Police announced Desmond La’don Campbell, was in a coma after crashing his car, possibly as he was leaving a home where another victim was attacked. Campbell had been discharged from the Cimarron Correctional Facility on April 21. The Tulsa sexual assaults Campbell was suspected of committing began in June. (He later died as a result of the car crash.)

I made a records request and quickly discovered that Campbell had been released early under a policy of “recalculated” earned credits. DOC claimed this was not a new policy, but all of a sudden, 700 inmates were released in April.

The following week, the Board of Corrections met at Cimarron Correctional Facility. I tried to talk to Patton about the issue after the meeting, but he kind of ran away from me. His spokesman said it was because he’d just had dental work and it was painful to talk, which I certainly understand.

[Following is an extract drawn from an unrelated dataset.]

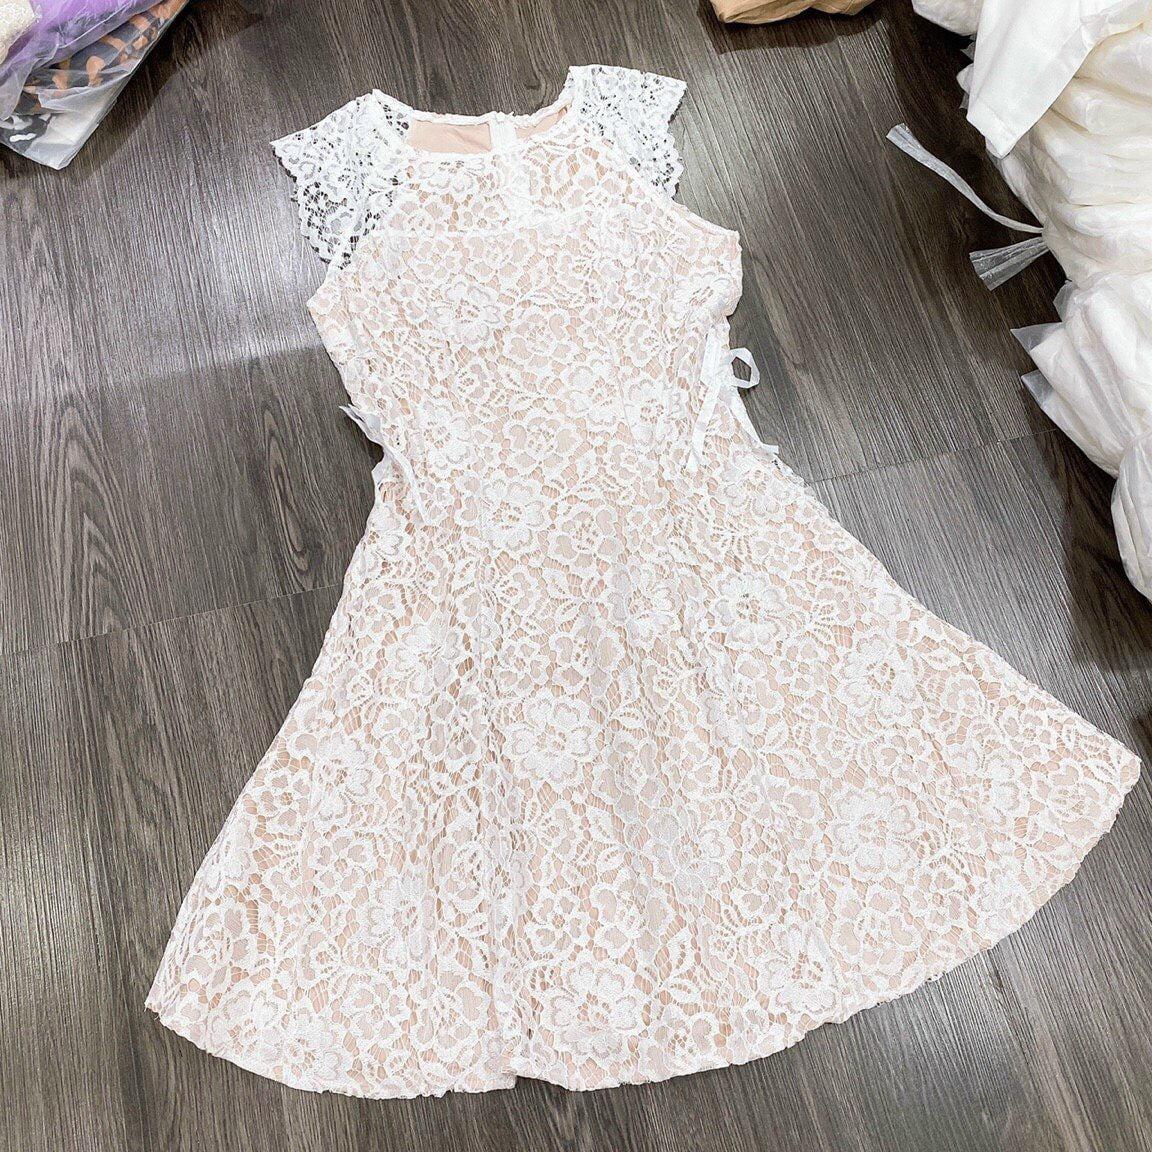 Nắm bắt xu hướng thời trang hè 2021 khiến phái nữ mê mẩn cùng Nguyễn Thư Store - Ảnh 3.

The board’s chairman, Kevin Gross, chatted with me instead. 

To Patton’s credit, in all the tough stories we did, I don’t ever recall him calling my editors to complain or visiting the publisher to ask us to be nicer.

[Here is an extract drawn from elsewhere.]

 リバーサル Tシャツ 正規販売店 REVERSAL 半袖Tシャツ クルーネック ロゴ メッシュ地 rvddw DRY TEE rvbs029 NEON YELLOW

When I saw Patton at a prison in Boley earlier this year, he was very friendly and eager to chat about JRI, the state’s long, often-derailed attempt at prison reform.

Turned out, many of the provisions of the Justice Reinvestment Initiative had not been funded or implemented and it appeared that warnings about inaction came true: Our state’s prisons were bursting at the seams.

This was actually the story I was trying to tell when I made that interview request earlier in the year, and it’s one I’ve written about many times since I transitioned back to news coverage in 2011.

One of the first major projects I worked on in 2011 was a massive collaboration examining Oklahoma’s highest-in-the-nation female incarceration rate, Women in Prison.

Since that series ran in 2011, the state has passed numerous laws and issued several studies, many women featured in the articles were released from prison, two directors have departed the Oklahoma Department of Corrections, but one thing hasn’t changed: We’re still No. 1 per capita when it comes to sending women to prison.

Patton’s email in March 2014 complained about what he saw as a lax media policy at the state prisons where reporters were allowed to just “walk around.” But it was through my former colleague Ginnie Graham just walking around that we found one of the best stories in that series: Patricia Spottedcrow.

Ginnie met Patricia on her first day of prison at Eddie Warrior, the mother of four had been sentenced to 12 years for a $31 sale of marijuana. The story outraged people, and led to Spottedcrow’s parole a year later. I got to follow Patricia on the day she was released from prison in 2012 and write a story.

Just by happenstance, a few days before Patton announced his resignation, a photo popped up in my Facebook “memories” feed, where it shows you old posts from a few years back on the same day.

It was a simple iPhone photo I’d taken when Patricia returned home to surprise her children. Still one of my favorites.

Patricia Spottedcrow, playing with her daughter on the day she was released from prison in 2012.

Patricia Spottedcrow, playing with her daughter on the day she was released from prison in 2012.